▶ Prompt: Would you please copy the part of the material below that opens with the line containing "Island Times 9月2日発行" and closes with the line containing "Wonder girls so hot translation — 15"? Copy it exactly, and only it.

........

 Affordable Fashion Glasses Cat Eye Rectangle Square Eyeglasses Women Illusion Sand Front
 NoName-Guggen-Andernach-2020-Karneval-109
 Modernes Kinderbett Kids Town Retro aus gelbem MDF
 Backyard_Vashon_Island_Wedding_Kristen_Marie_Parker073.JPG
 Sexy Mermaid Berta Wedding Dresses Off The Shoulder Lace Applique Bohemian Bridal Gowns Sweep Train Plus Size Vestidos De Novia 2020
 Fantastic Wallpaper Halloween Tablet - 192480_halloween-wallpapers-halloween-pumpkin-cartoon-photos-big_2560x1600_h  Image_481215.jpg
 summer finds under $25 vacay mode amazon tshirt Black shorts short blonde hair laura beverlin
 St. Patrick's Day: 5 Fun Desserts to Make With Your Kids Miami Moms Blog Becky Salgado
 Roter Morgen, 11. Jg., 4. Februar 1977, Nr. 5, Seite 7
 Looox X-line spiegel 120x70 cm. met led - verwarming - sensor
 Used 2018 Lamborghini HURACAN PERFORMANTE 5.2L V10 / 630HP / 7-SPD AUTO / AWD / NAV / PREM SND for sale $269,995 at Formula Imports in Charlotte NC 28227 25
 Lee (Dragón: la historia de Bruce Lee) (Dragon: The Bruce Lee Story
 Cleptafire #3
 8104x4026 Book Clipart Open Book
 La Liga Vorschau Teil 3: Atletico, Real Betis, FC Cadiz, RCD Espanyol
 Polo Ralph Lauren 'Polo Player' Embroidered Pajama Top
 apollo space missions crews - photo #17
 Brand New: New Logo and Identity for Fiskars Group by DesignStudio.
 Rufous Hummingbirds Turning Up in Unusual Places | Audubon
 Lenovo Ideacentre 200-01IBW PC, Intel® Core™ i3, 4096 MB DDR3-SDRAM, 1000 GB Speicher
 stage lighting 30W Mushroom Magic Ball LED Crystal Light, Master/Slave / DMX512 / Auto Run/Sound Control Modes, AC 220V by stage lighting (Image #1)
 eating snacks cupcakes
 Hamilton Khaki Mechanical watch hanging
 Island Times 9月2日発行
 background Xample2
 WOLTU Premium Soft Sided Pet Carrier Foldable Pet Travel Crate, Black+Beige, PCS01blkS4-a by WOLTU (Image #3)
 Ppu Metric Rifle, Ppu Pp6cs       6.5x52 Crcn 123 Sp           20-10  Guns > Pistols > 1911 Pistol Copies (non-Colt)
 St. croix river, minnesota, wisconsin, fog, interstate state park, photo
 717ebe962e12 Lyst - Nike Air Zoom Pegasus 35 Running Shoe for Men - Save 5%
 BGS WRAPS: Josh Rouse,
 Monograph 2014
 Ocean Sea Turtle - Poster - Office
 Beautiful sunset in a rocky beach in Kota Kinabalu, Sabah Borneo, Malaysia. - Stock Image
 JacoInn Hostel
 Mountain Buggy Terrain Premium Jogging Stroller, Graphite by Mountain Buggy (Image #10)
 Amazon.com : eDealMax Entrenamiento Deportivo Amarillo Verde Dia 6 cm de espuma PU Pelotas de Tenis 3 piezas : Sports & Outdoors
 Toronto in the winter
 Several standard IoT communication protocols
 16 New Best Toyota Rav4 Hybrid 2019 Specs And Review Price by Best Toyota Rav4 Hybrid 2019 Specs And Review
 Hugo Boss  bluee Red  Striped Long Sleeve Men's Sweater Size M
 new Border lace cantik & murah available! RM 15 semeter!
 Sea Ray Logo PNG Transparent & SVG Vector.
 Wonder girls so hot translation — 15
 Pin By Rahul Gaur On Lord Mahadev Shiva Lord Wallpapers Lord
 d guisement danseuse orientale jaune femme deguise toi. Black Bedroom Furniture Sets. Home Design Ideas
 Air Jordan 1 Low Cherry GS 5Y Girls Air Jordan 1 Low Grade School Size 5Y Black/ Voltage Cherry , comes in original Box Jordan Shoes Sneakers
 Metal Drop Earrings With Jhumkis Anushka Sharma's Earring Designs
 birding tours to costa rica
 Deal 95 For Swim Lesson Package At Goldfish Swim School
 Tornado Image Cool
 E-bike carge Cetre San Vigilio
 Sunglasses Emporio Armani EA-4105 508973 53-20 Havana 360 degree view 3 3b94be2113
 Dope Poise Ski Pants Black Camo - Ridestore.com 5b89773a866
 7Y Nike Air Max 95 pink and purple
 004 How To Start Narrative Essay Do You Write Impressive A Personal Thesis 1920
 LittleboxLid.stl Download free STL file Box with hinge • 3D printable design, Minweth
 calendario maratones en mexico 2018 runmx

........

▶ Answer section:
 Island Times 9月2日発行
 background Xample2
 WOLTU Premium Soft Sided Pet Carrier Foldable Pet Travel Crate, Black+Beige, PCS01blkS4-a by WOLTU (Image #3)
 Ppu Metric Rifle, Ppu Pp6cs       6.5x52 Crcn 123 Sp           20-10  Guns > Pistols > 1911 Pistol Copies (non-Colt)
 St. croix river, minnesota, wisconsin, fog, interstate state park, photo
 717ebe962e12 Lyst - Nike Air Zoom Pegasus 35 Running Shoe for Men - Save 5%
 BGS WRAPS: Josh Rouse,
 Monograph 2014
 Ocean Sea Turtle - Poster - Office
 Beautiful sunset in a rocky beach in Kota Kinabalu, Sabah Borneo, Malaysia. - Stock Image
 JacoInn Hostel
 Mountain Buggy Terrain Premium Jogging Stroller, Graphite by Mountain Buggy (Image #10)
 Amazon.com : eDealMax Entrenamiento Deportivo Amarillo Verde Dia 6 cm de espuma PU Pelotas de Tenis 3 piezas : Sports & Outdoors
 Toronto in the winter
 Several standard IoT communication protocols
 16 New Best Toyota Rav4 Hybrid 2019 Specs And Review Price by Best Toyota Rav4 Hybrid 2019 Specs And Review
 Hugo Boss  bluee Red  Striped Long Sleeve Men's Sweater Size M
 new Border lace cantik & murah available! RM 15 semeter!
 Sea Ray Logo PNG Transparent & SVG Vector.
 Wonder girls so hot translation — 15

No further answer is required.